L’America dopo Trump si divide sull’impeachment dell’ex presidente, la riduzione del diritto di voto delle minoranze, lo stimolo pandemico da 1.900 miliardi. Ma sulla minaccia cinese, democratici e repubblicani sono risolutamente bipartisan. In fondo Trump aveva “suonato l’allarme” ma i suoi sono stati “sforzi episodici”, la loro realizzazione “caotica e a volte contraddittoria”. Prima di stabilire un comportamento, scrive Anonymous, l’America deve chiarire a se stessa quali sono i suoi obiettivi strategici riguardo alla Cina.
La dottrina del contenimento di Kennan non può essere applicata di nuovo. La Cina ha studiato la lezione dell’Urss. Serve dunque “una politica qualitativamente diversa e granulare” piuttosto che “un semplice contenimento dalle caratteristiche cinesi”: di sfida e collaborazione a seconda di cosa ci sia in gioco.
Il Pcc non farà la stessa fine del Pcus. Ma, è scritto anche sul “Longer Telegram”, nemmeno il partito cinese è un monolito: è diviso sulle politiche imposte da Xi e sulle sue ambizioni. Tuttavia il massimo che si possa sperare è che la Cina comunista torni al suo precedente status quo strategico e che Xi possa cadere per una crisi economica. Dalla fine della Rivoluzione Culturale “piena occupazione e crescita dei livelli di vita sono il contratto sociale non scritto fra il partito e i cinesi”.

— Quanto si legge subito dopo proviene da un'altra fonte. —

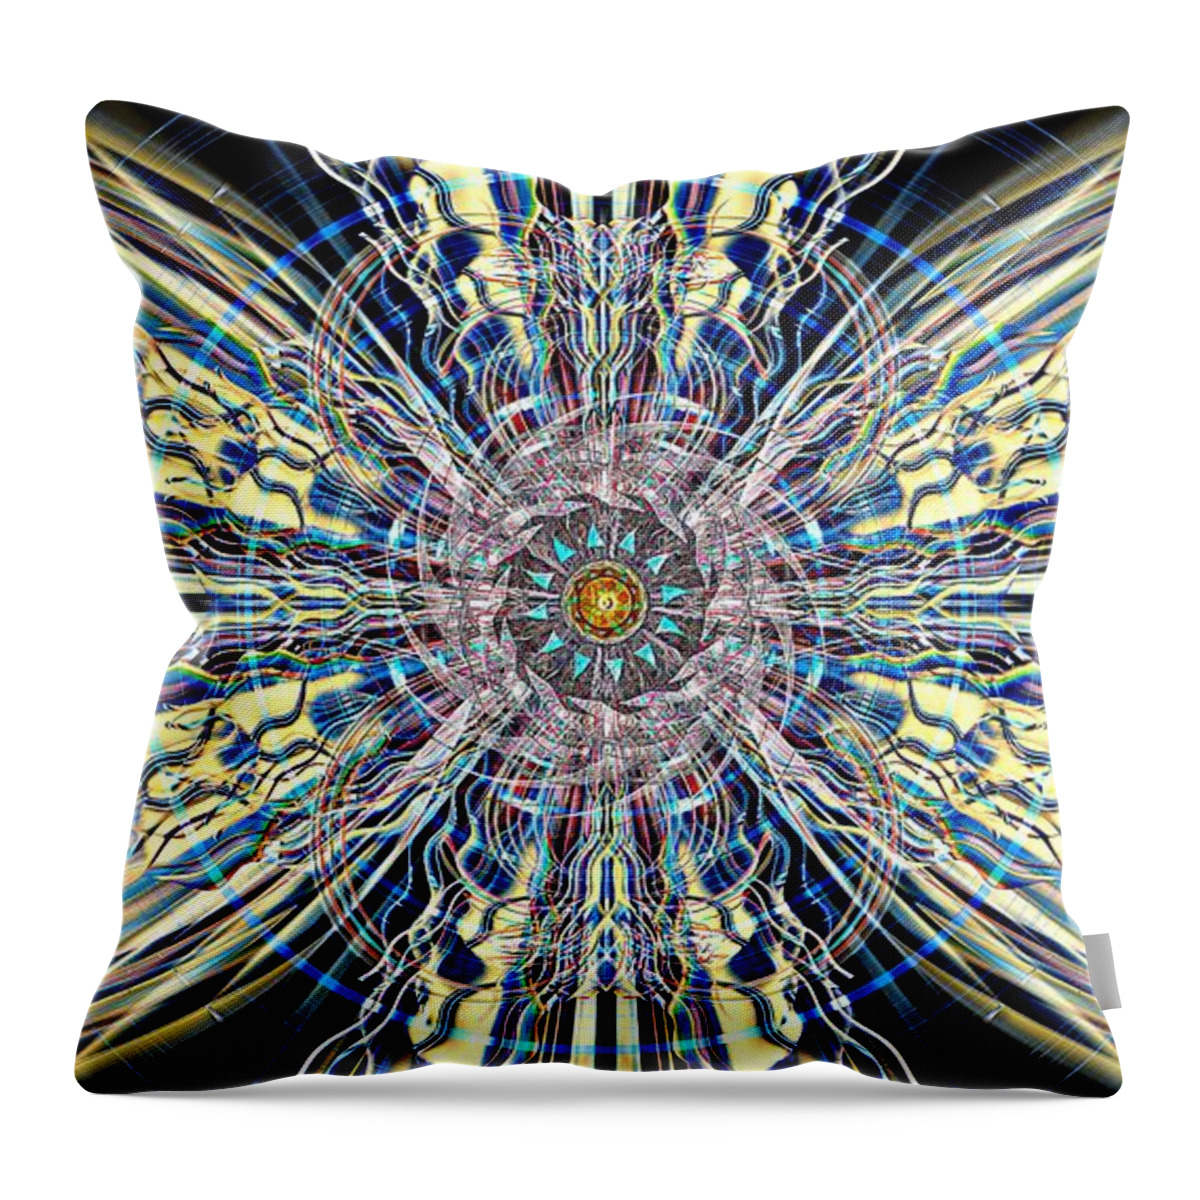 Background Throw Pillow featuring the digital art Plasmology by David Manlove

L’attuale presidente e segretario generale del Pcc vuole conseguire “un ordine globale sino-centrico”, mantenere una “preponderanza militare” in Asia, cambiare il primato globale del dollaro, la preminenza tecnologica e finanziaria dell’America. Dietro all’ “amorfo concetto di una comunità dal comune destino per tutta l’umanità” si nasconde l’ambizione di “una nuova concezione gerarchica e autoritaria dell’ordine internazionale”.
La strategia cinese degli Stati Uniti, sollecita Anonymous, deve essere il mantenimento di tutti i suoi primati, “ancorata ai valori e agli interessi nazionali”: e soprattutto al suo sistema di alleanze. Solo così potrà mantenere la preminenza globale che Xi vuole insidiare. Ma entro un decennio al massimo i cinesi smetteranno di temere un conflitto militare con l’America. Per questo gli anni Venti di questo secolo “saranno uno dei decenni più pericolosi nella storia delle relazioni Usa-Cina”. E’ la logica di Tucidide: prima o poi la potenza in carica (l’America) e quella emergente (la Cina) “cercano di saggiarsi attraverso azioni unilaterali, reazioni spropositate o anche con la prevenzione armata”.
Mi sembra ovvio che il “Longer Telegram”, come già il “Long”, ci voglia dire che stiamo andando incontro a una nuova guerra fredda. Sperando che resti solo fredda in questo e nei prossimi decenni.